The first 2 experiments used similar decision trees, which split the data into branches based on the ‘best’ feature for information gain, or reduction in uncertainty. This was the simplest algorithm to implement and interpret, with a plot generated to visualize the decision branches. The accuracy was fairly high and close for the training and testing datasets and did not have much variation between the two experiments, but the results were of somewhat limited use for business logic. By having the algorithm select the most import features and not utilizing the rest, the variables relating to the customers and their banking history were left out. The results also changed fairly dramatically (though not unexpectedly) when only a single variable was removed from the data. However, the efficiency of implementation and processing made this algorithm a worthwhile test for prediction. Implementing many different experiments with different changes would be relatively quick and easy.

The second algorithm tested was random forest, an ensemble method that builds multiple trees in parallel and aggregates their outputs to improve generalization. The first experiment was overfit to the training data and lost accuracy on the testing set. The second experiment tested how changing the mtry (the number of variables randomly sampled as candidates at each split) from the default sqrt(p) for classification (‘p’ being the number of predictor variables at 16) to just 1, as well as increasing the nodesize to 5 from the default to limit small leaves. This fixed the overfitting issue and balanced the importance rankings but decreased the accuracy to the lowest of all the experiments. With the second, more optimized model, the use of aggregation would most likely allow for the best generalization on unseen data. Ultimately, random forest was the least successful for this dataset.

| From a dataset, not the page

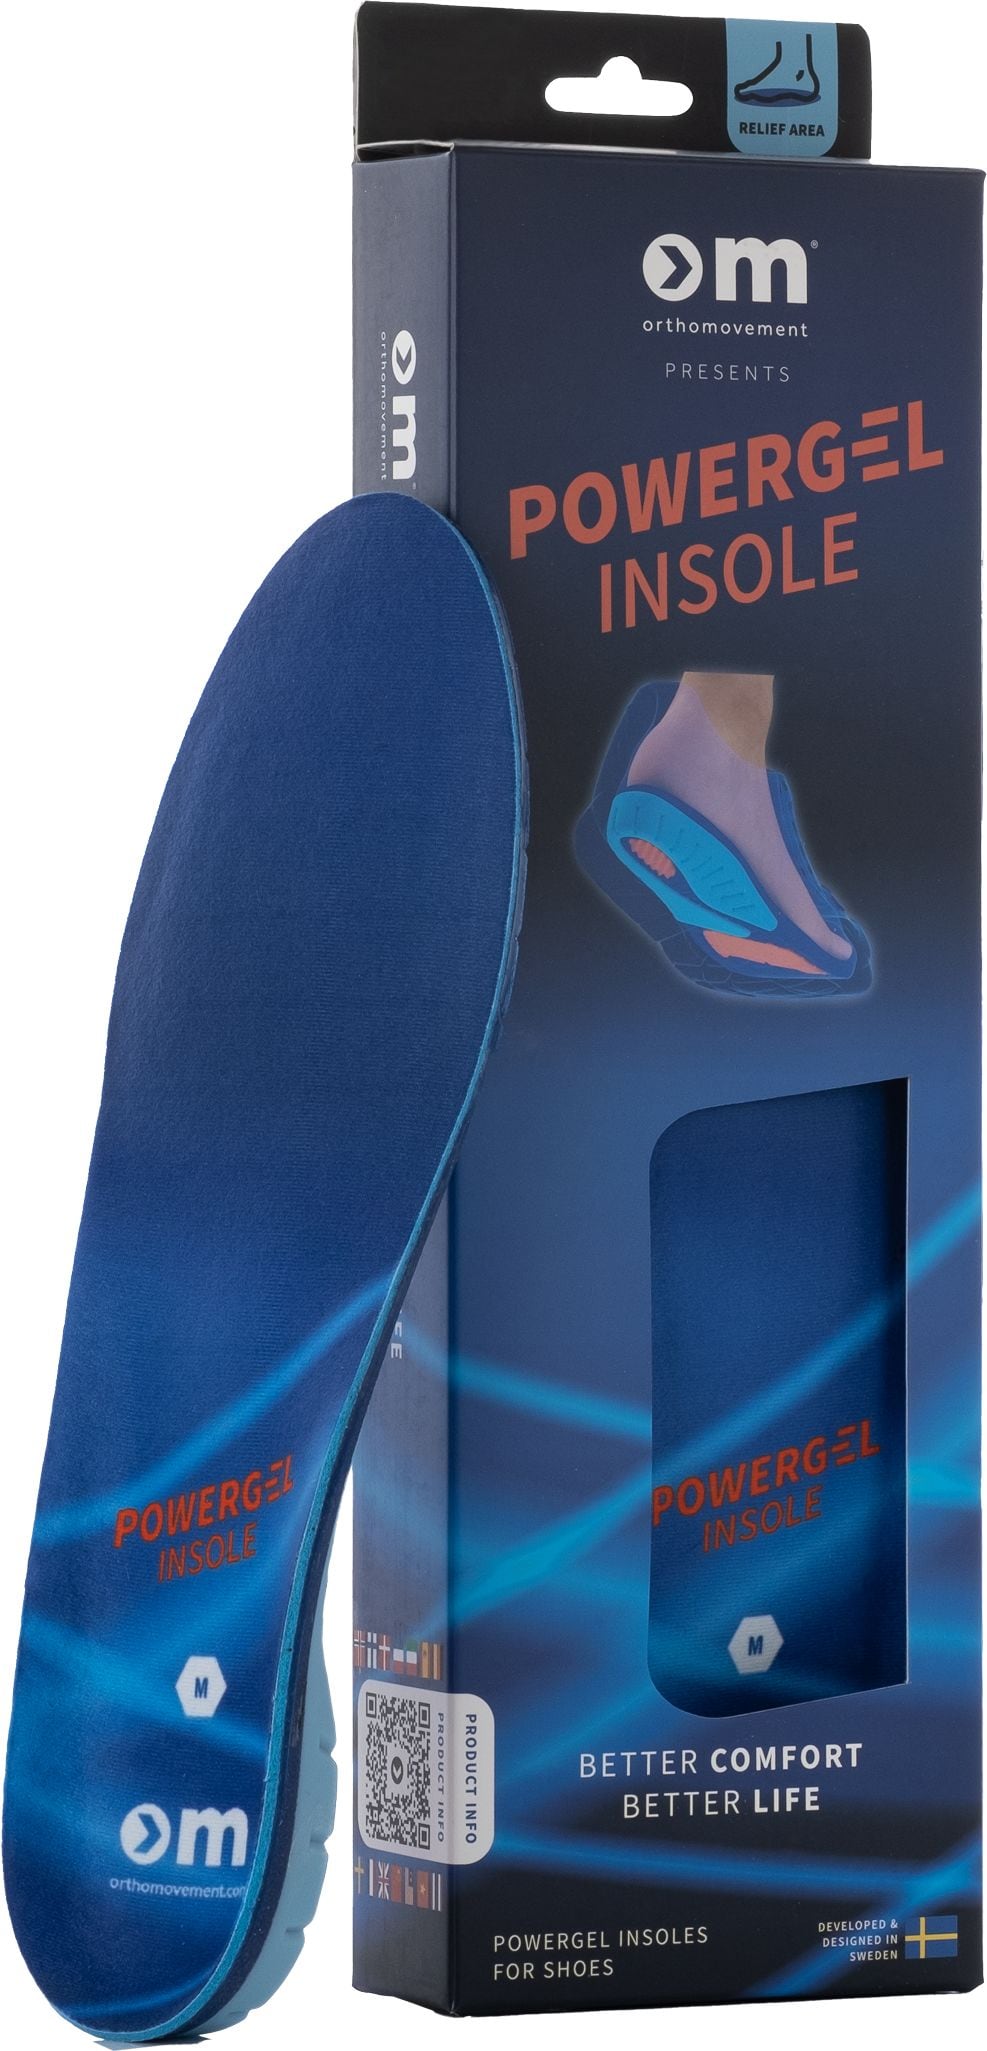 ORTHO MOVEMENT, GEL INSOLE

The final experiments used XGBoost or extreme gradient boosting, also an ensemble method; but trees were built sequentially instead, correcting errors from previous iterations. These experiments returned the highest accuracy on both training and testing data but took the longest time to implement, requiring the categorical columns with levels to be one-hot encoded for modeling, then converted back to factors for interpretation and evaluation. XGBoost also took the longest time to train and was much less computationally efficient. The final experiment used K-fold cross validation to help determine the optimal hyperparameters, another lengthy extra step to code and process but was very useful in creating a more optimal final model. Based on my experiments, I would recommend this algorithm as the best choice for this dataset because it was able to make highly accurate predictions with low variance between the 2 experiments.